Annabel Thérèse Keswick, Lady Keswick (née Fraser; 15 October 1942 – 13 September 2022), styled "The Honourable", was a Scottish lady from the Fraser family who married Lord Reay and then Sir Henry Keswick.  She was influential in British politics as the special advisor to Kenneth Clarke and then as director of the Centre for Policy Studies.  She was Chancellor of the University of Buckingham from 2014 to 2020.

Professional career
Keswick served as a special policy advisor to Kenneth Clarke from 1989 to 1995. During that time she worked at the Department of State for Health, the Department of Education and Science, the Home Office and HM Treasury.

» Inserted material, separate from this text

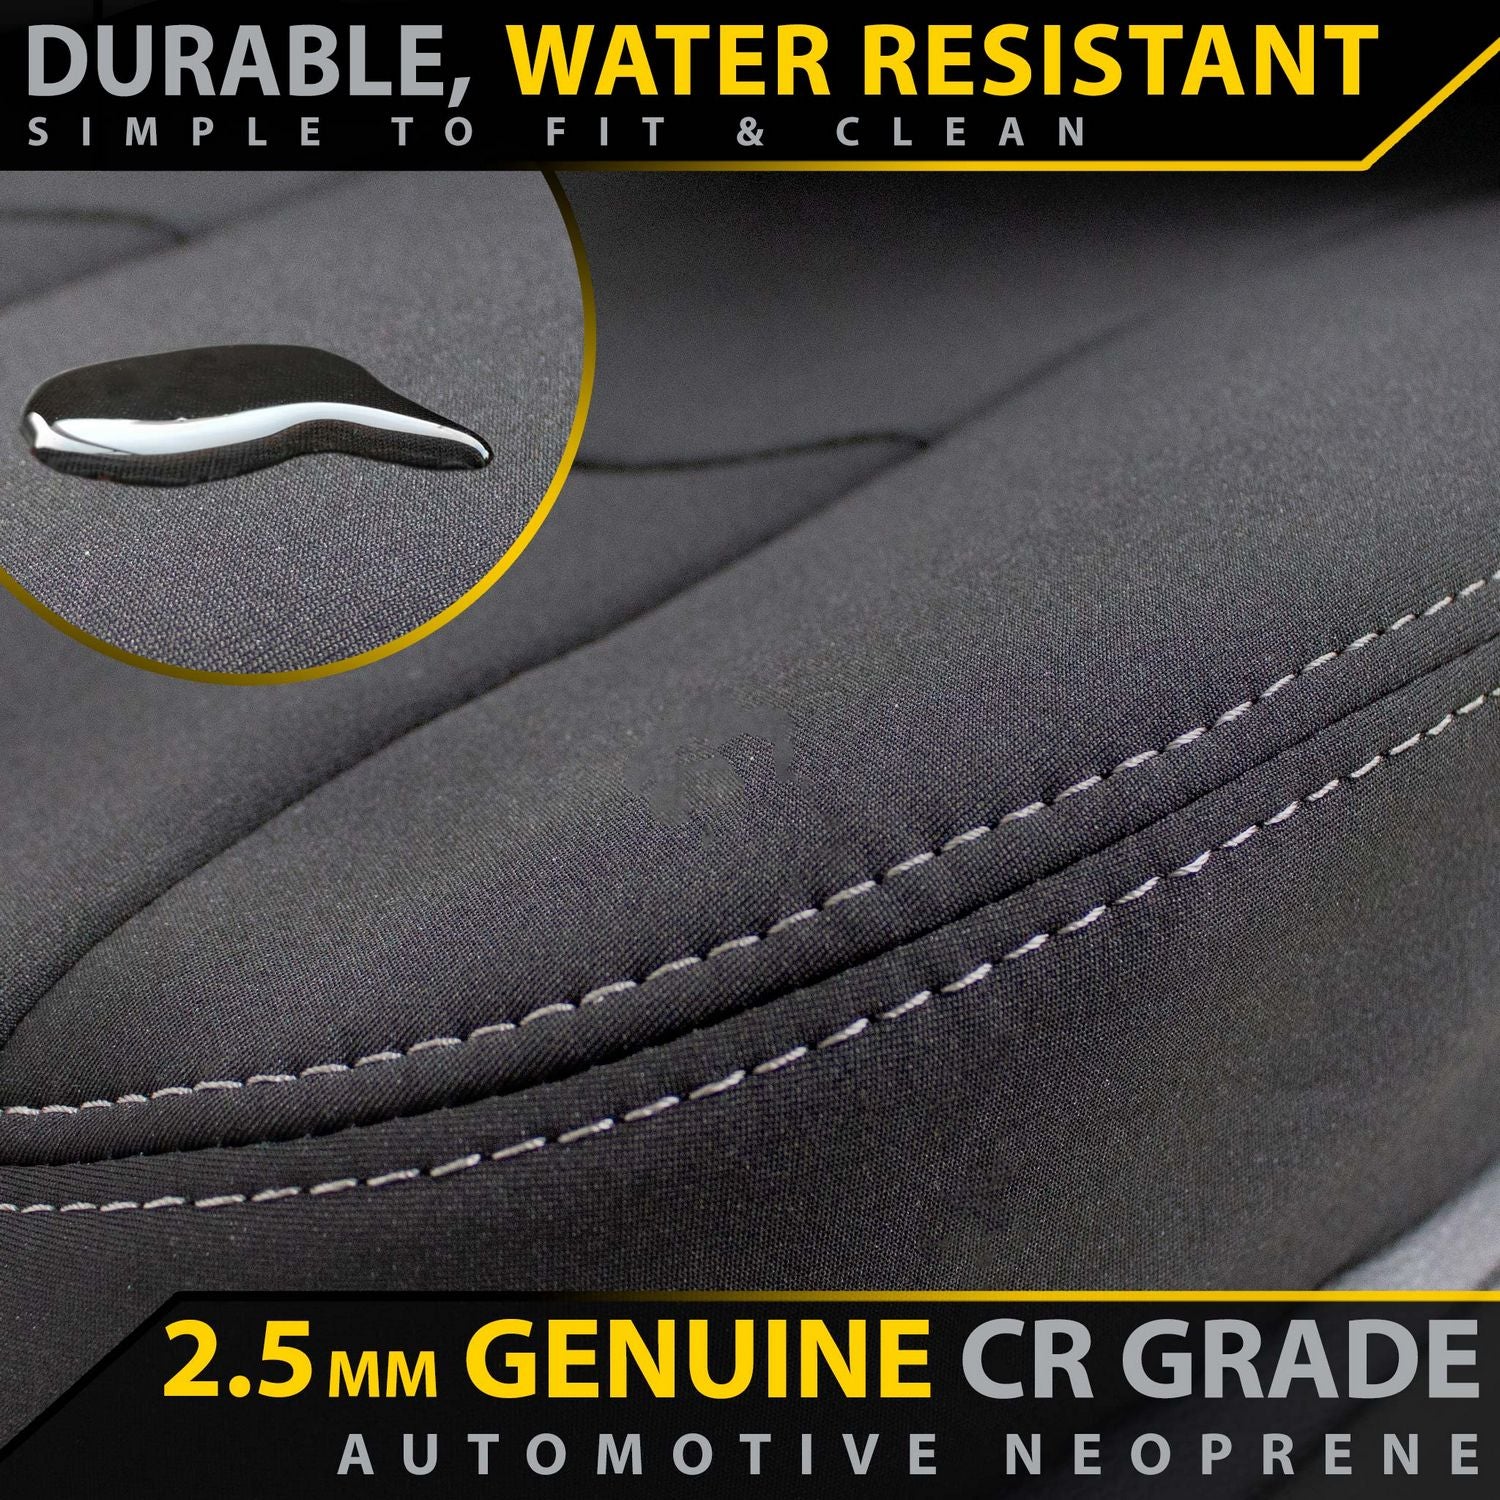 Volkswagen All-New Amarok Neoprene Rear Row Seat Covers (Made to Order)

After resigning from this position in 1995, she became executive director of the Centre for Policy Studies, eventually becoming its deputy chairman from January 2004 until April 2017. In this role she contributed to, commissioned and published over 100 public policy pamphlets on the European Union, the Constitution, law and order, education, health, tax and regulatory affairs and women's issues. She has written on these subjects for most of the national newspapers, and appeared on radio and on television.

Journalism
Keswick has contributed articles for The Daily Telegraph, The New Statesman, Financial Times, and The Spectator, among other publications.

Books
On 9 January 2020, Keswick published The Colour of the Sky After Rain, about her impression of the Chinese people and their culture after decades of travel to China and the Far East.

Other positions
In September 2013, Keswick was appointed a director of Daily Mail and General Trust. In the same month, she was elected chancellor of the University of Buckingham, a position she held until 2020.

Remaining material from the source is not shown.